Shuold this be "if (sp->spt[i] == SHADOW_NONPRESENT_VALUE)" ?
Otherwise any present shadow ptes are skipped for 32 and 64
bit KVM.

>  			continue;
>
>  		pte_gpa = first_pte_gpa + i * sizeof(pt_element_t);
> diff --git a/arch/x86/kvm/mmu/spte.c b/arch/x86/kvm/mmu/spte.c
> index 7314d27d57a4..24cba35570ae 100644
> --- a/arch/x86/kvm/mmu/spte.c
> +++ b/arch/x86/kvm/mmu/spte.c
> @@ -391,7 +391,9 @@ void kvm_mmu_set_ept_masks(bool has_ad_bits, bool has_exec_only)
>  	shadow_dirty_mask	= has_ad_bits ? VMX_EPT_DIRTY_BIT : 0ull;
>  	shadow_nx_mask		= 0ull;
>  	shadow_x_mask		= VMX_EPT_EXECUTABLE_MASK;
> -	shadow_present_mask	= has_exec_only ? 0ull : VMX_EPT_READABLE_MASK;
> +	/* VMX_EPT_SUPPRESS_VE_BIT is needed for W or X violation. */
> +	shadow_present_mask	=
> +		(has_exec_only ? 0ull : VMX_EPT_READABLE_MASK) | VMX_EPT_SUPPRESS_VE_BIT;
>  	/*
>  	 * EPT overrides the host MTRRs, and so KVM must program the desired
>  	 * memtype directly into the SPTEs.  Note, this mask is just the mask
> diff --git a/arch/x86/kvm/mmu/spte.h b/arch/x86/kvm/mmu/spte.h
> index cabe3fbb4f39..30f456e59e58 100644
> --- a/arch/x86/kvm/mmu/spte.h
> +++ b/arch/x86/kvm/mmu/spte.h
> @@ -136,6 +136,19 @@ static_assert(MMIO_SPTE_GEN_LOW_BITS == 8 && MMIO_SPTE_GEN_HIGH_BITS == 11);
>
>  #define MMIO_SPTE_GEN_MASK		GENMASK_ULL(MMIO_SPTE_GEN_LOW_BITS + MMIO_SPTE_GEN_HIGH_BITS - 1, 0)
>
> +/*
> + * non-present SPTE value for both VMX and SVM for TDP MMU.
> + * For SVM NPT, for non-present spte (bit 0 = 0), other bits are ignored.
> + * For VMX EPT, bit 63 is ignored if #VE is disabled.
> + *              bit 63 is #VE suppress if #VE is enabled.
> + */
> +#ifdef CONFIG_X86_64
> +#define SHADOW_NONPRESENT_VALUE	BIT_ULL(63)
> +static_assert(!(SHADOW_NONPRESENT_VALUE & SPTE_MMU_PRESENT_MASK));
> +#else
> +#define SHADOW_NONPRESENT_VALUE	0ULL
> +#endif
> +
>  extern u64 __read_mostly shadow_host_writable_mask;
>  extern u64 __read_mostly shadow_mmu_writable_mask;
>  extern u64 __read_mostly shadow_nx_mask;
> @@ -175,16 +188,27 @@ extern u64 __read_mostly shadow_nonpresent_or_rsvd_mask;
>   * non-present intermediate value.
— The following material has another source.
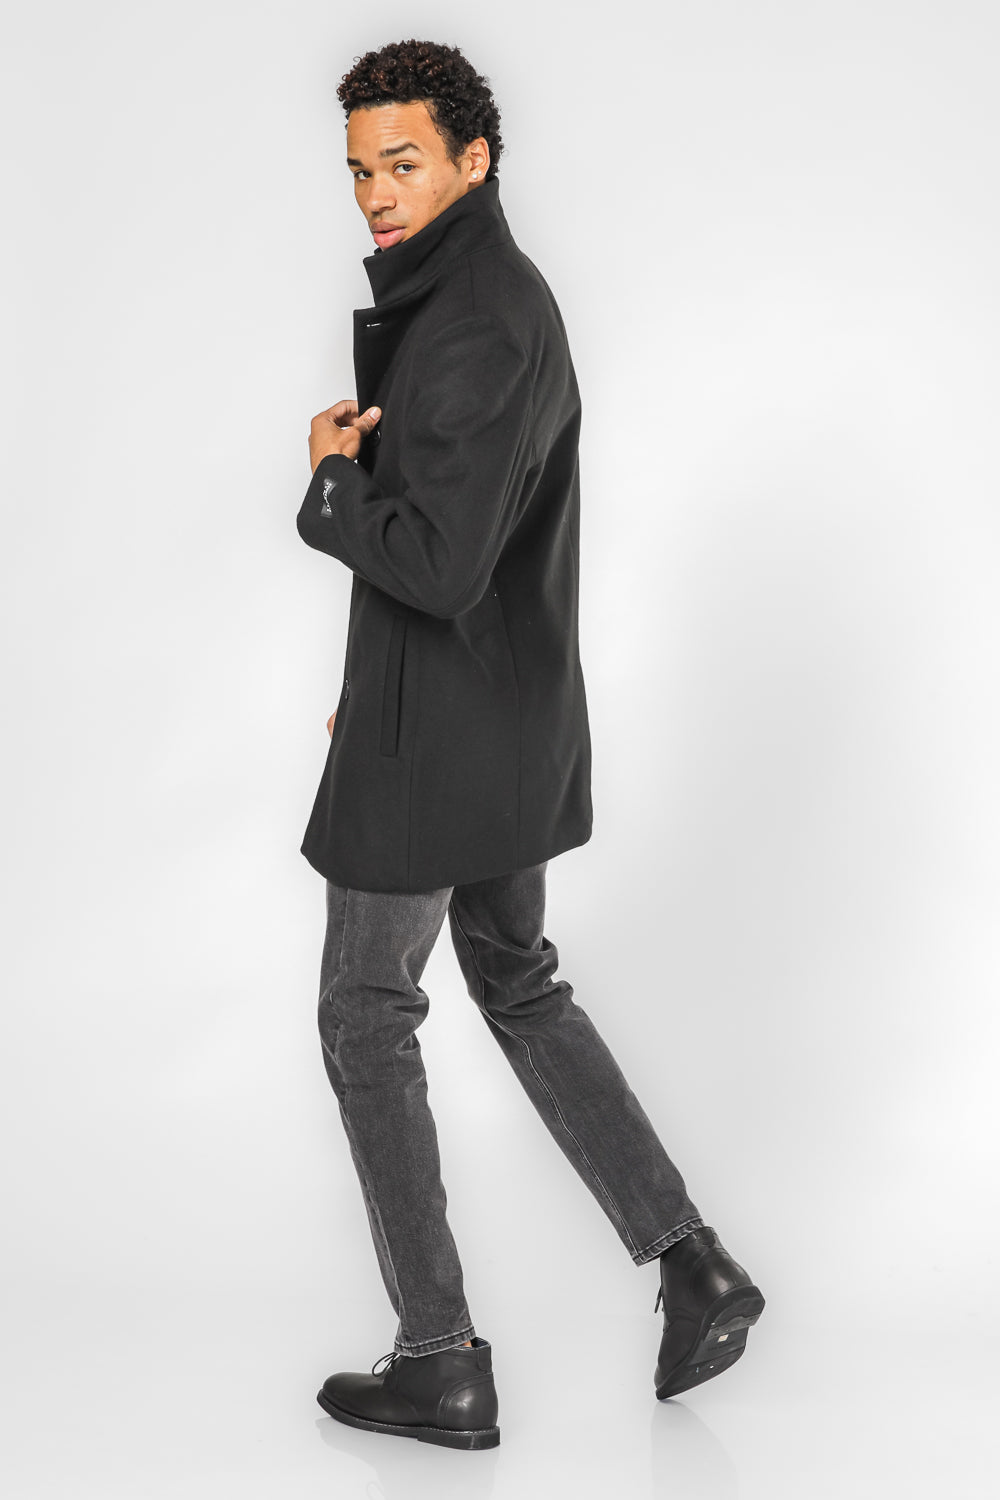 מעיל אלגנט לגבר בצבע שחור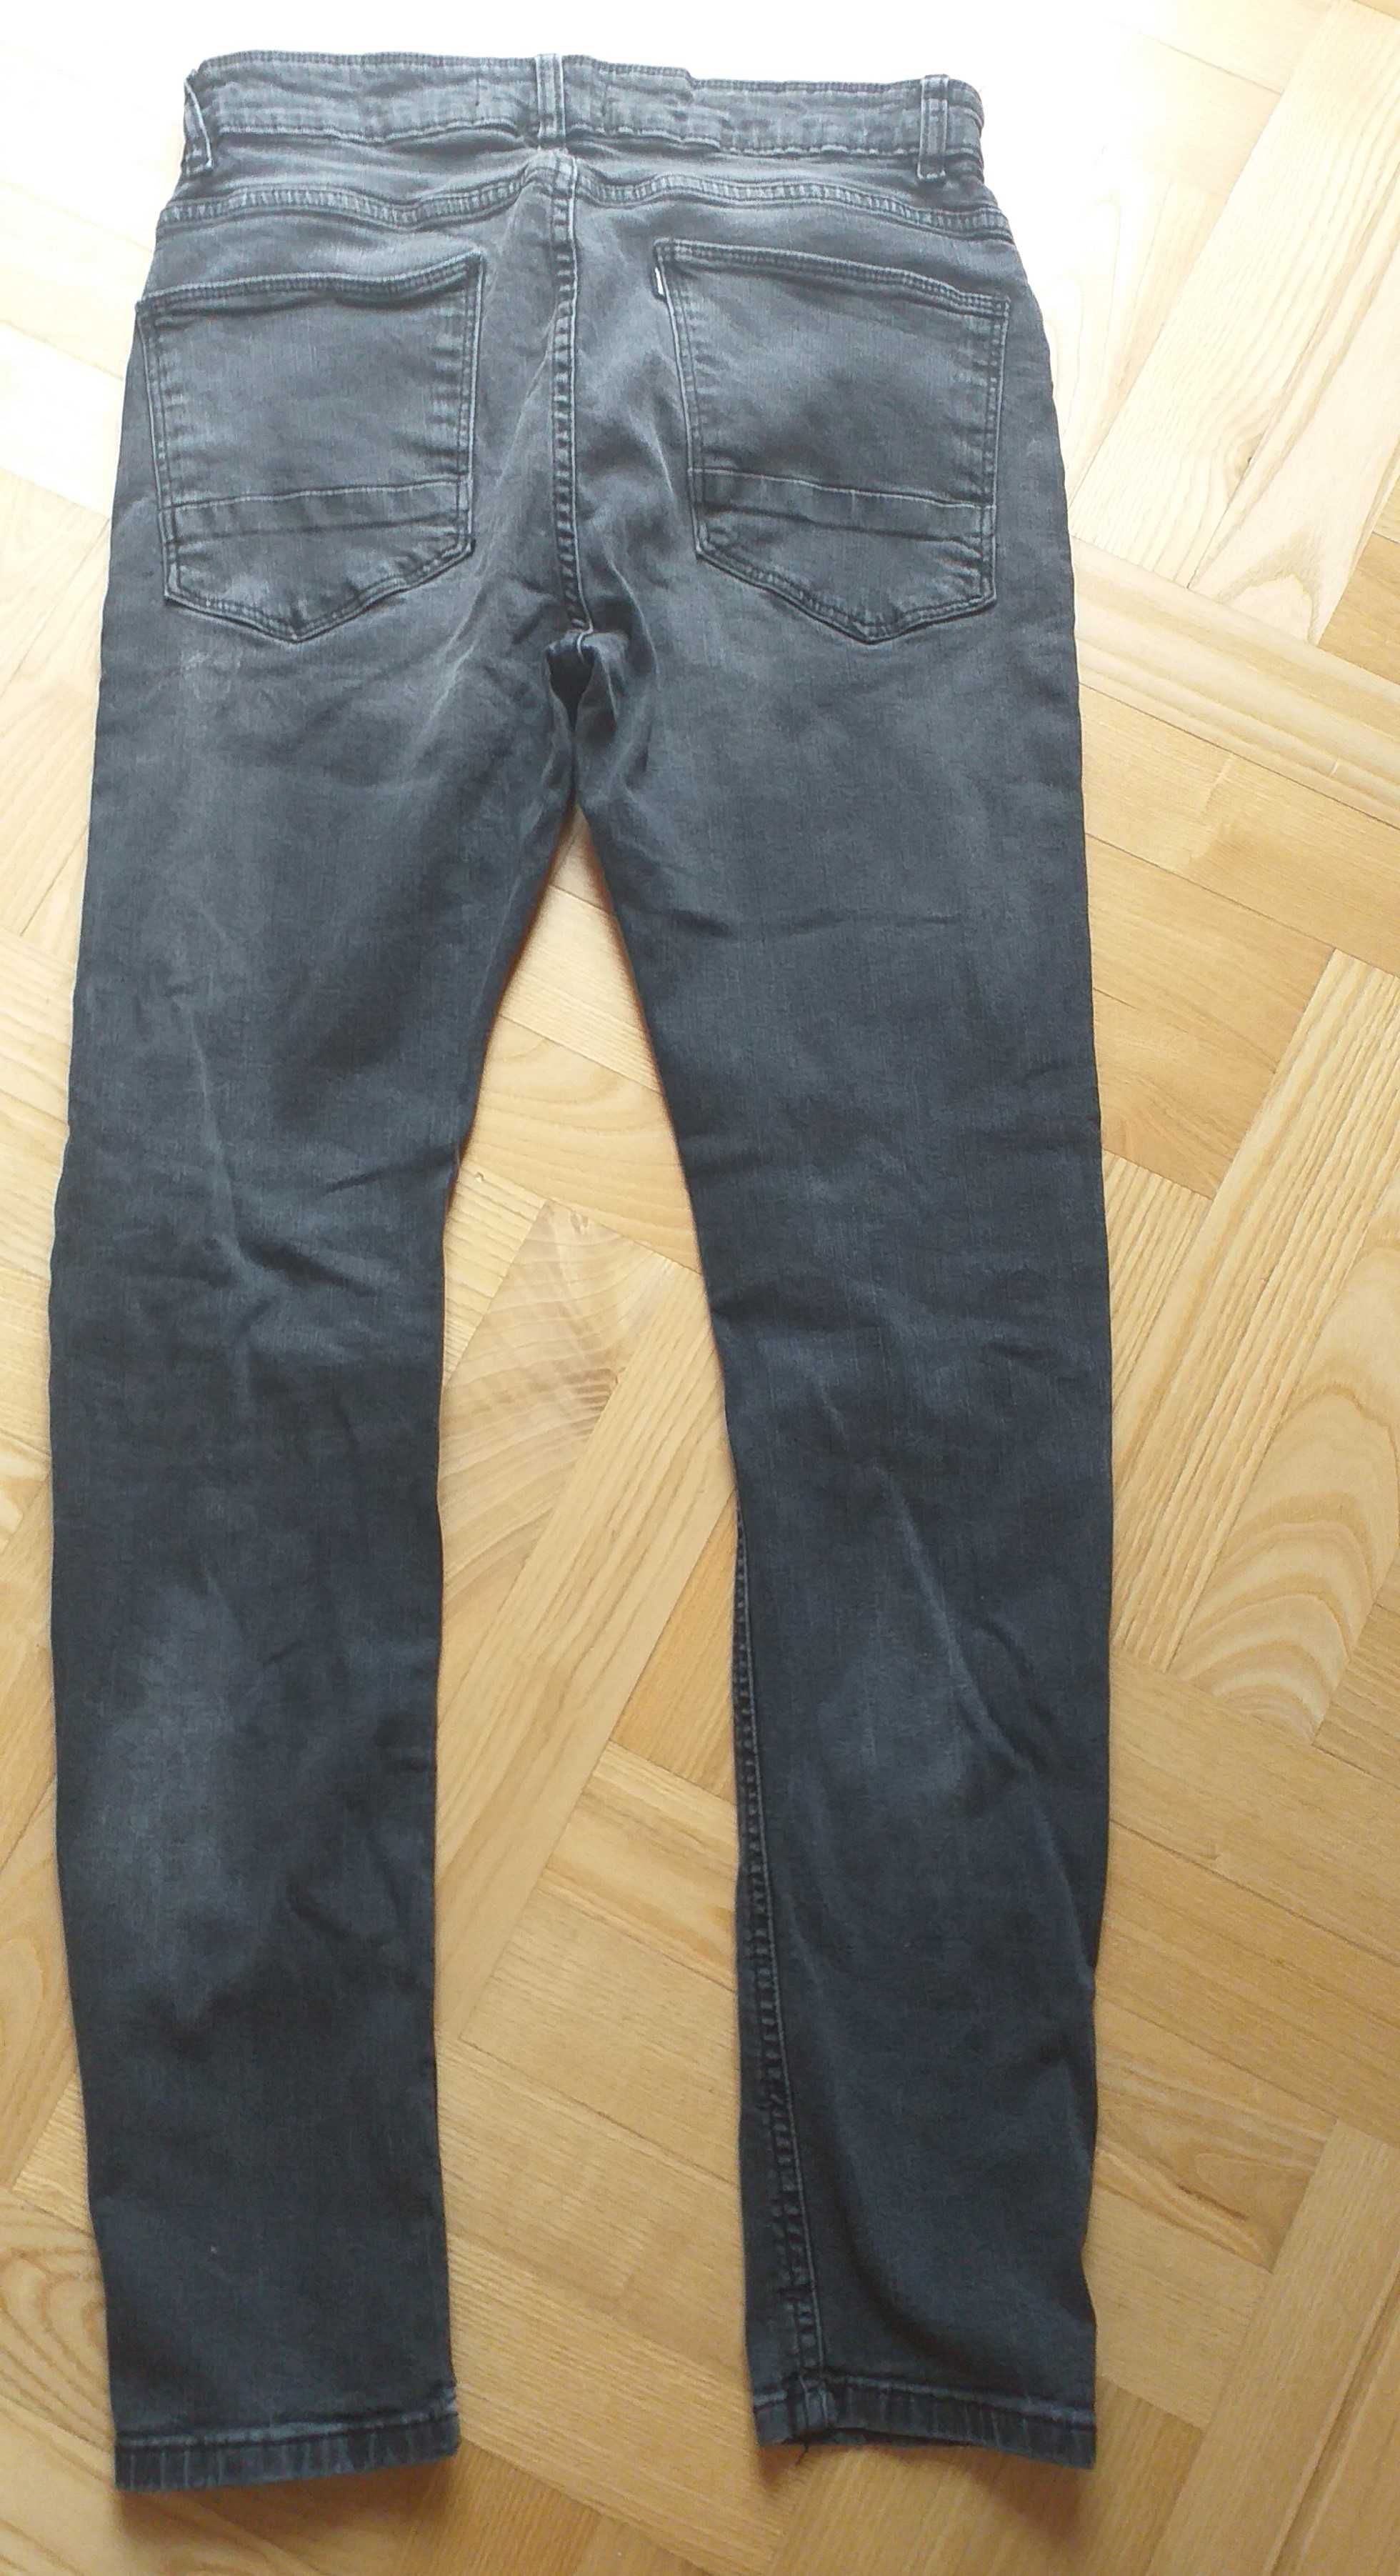 2 pary za 20 zł - Spodnie jeans House chłopięce 28/30 - czarne

Other threads which encounter this value
>   * should not modify the SPTE.
>   *
> + * For X86_64 case, SHADOW_NONPRESENT_VALUE, "suppress #VE" bit, is set because
> + * "EPT violation #VE" in the secondary VM execution control may be enabled.
> + * Because TDX module sets "EPT violation #VE" for TD, "suppress #VE" bit for
> + * the conventional EPT needs to be set.
> + *
>   * Use a semi-arbitrary value that doesn't set RWX bits, i.e. is not-present on
>   * bot AMD and Intel CPUs, and doesn't set PFN bits, i.e. doesn't create a L1TF
>   * vulnerability.  Use only low bits to avoid 64-bit immediates.
>   *
>   * Only used by the TDP MMU.
>   */
> -#define REMOVED_SPTE	0x5a0ULL
> +#define __REMOVED_SPTE	0x5a0ULL
>
>  /* Removed SPTEs must not be misconstrued as shadow present PTEs. */
> -static_assert(!(REMOVED_SPTE & SPTE_MMU_PRESENT_MASK));
> +static_assert(!(__REMOVED_SPTE & SPTE_MMU_PRESENT_MASK));
> +
> +/*
> + * See above comment around __REMOVED_SPTE.  REMOVED_SPTE is the actual
> + * intermediate value set to the removed SPET.  it sets the "suppress #VE" bit.
> + */
> +#define REMOVED_SPTE	(SHADOW_NONPRESENT_VALUE | __REMOVED_SPTE)
>
>  static inline bool is_removed_spte(u64 spte)
>  {
> diff --git a/arch/x86/kvm/mmu/tdp_mmu.c b/arch/x86/kvm/mmu/tdp_mmu.c
> index bf2ccf9debca..af510dd31ebc 100644
> --- a/arch/x86/kvm/mmu/tdp_mmu.c
> +++ b/arch/x86/kvm/mmu/tdp_mmu.c
> @@ -682,8 +682,16 @@ static inline int tdp_mmu_zap_spte_atomic(struct kvm *kvm,
>  	 * overwrite the special removed SPTE value. No bookkeeping is needed
>  	 * here since the SPTE is going from non-present to non-present.  Use
>  	 * the raw write helper to avoid an unnecessary check on volatile bits.
> +	 *
> +	 * Set non-present value to SHADOW_NONPRESENT_VALUE, rather than 0.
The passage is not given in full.